In addition, a data platform should enshrine these principles

· Data always moves up, one layer at a time, palm to tip.

· Data can never move downwards. Intelligence created by each business unit must be ingested through a business rule promotion process, that is the output of such rules is ingested through ODS as a new source and follows the same rules for promoting to the integration layer (like raw vault) if it is to be shared with other business units. Should the business rule be isolated for private use then it is promoted directly into BLL.

o Private Business Rule: based on BCL

o Shared Business Rule: based on ODS and other content in SAL

· All data sources must come through ODS that will provide a single version of the facts.

· Reconciliation is a must. Automated testing occurs between sources and integrated layers.
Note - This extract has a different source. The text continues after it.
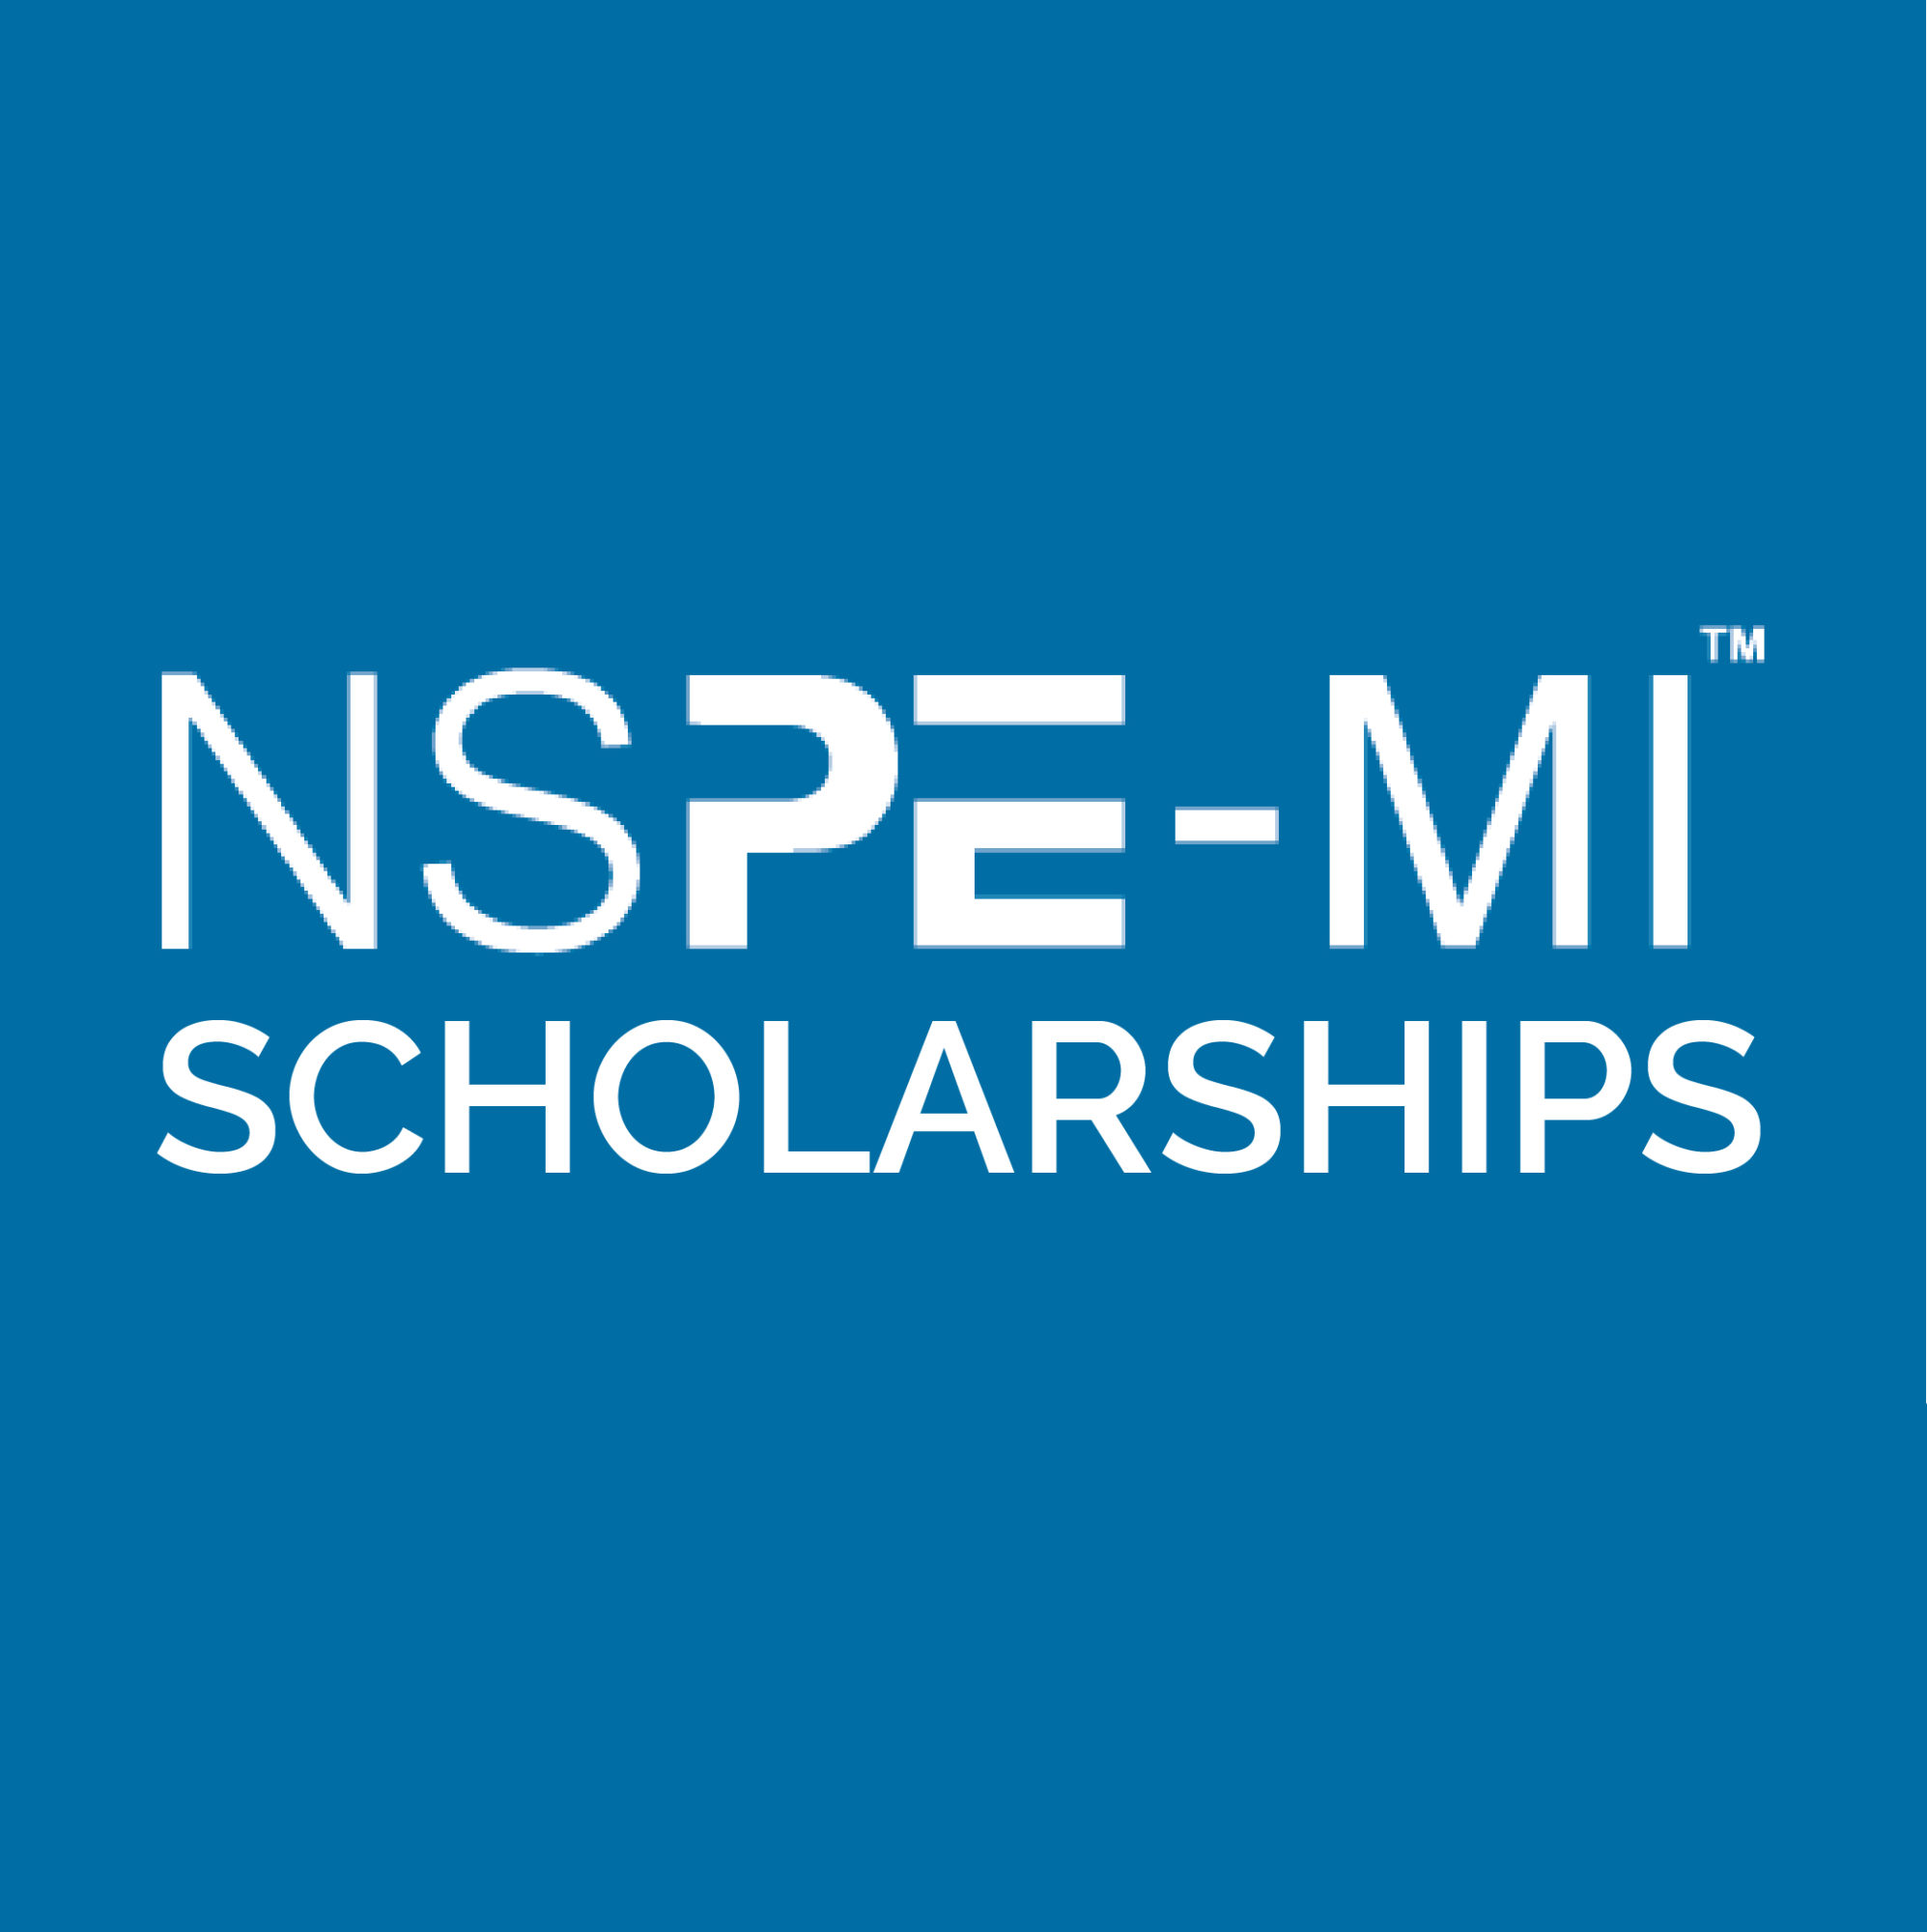 nspe mi state logo scholarships 01

· Reference data is managed by each business unit and stored under their own REF layer; a single shared reference data model can also be used that helps with data enrichment. It will, however, follow the same ingestion and integration process as live transactional data and be ingested through ODS. REF layer can be loaded directly from Excel or another Reference Data Management (RDM) solution and does not need to flow from ODS, which then promotes self-service and rapid ingestion of private reference data.

Data governance is centrally managed but can follow a hybrid approach for applying the governance rules, these are things like column classification and row-level access privileges. Additional policies that a business unit wishes to apply should be stored in their own UTIL area.

From a data architecture perspective, the layers are divided by horizontals and verticals that follow a flow of data as streams, always in one direction, up.

Modern Data Architecture for Data Vault

An enterprise will have many business units, some will want reporting delivered pre-canned, others will want the integrated data to build their own analytics, some will want access to the raw data as it is delivered, pre-modelled.

Data delivery models:

Delivering analytics

A — the delivery service within an agreed upon service level agreement (SLA) builds and delivers information marts and possibly all the way up to the dashboard reports for a business unit. The pro of this approach is that you have a core team that knows where everything is and specializes in delivering reports as a service. A con of this delivery model is you must follow an operating model of raising tickets and spending effort to articulate the problem / solution to the centralised team to deliver the data the business unit wants.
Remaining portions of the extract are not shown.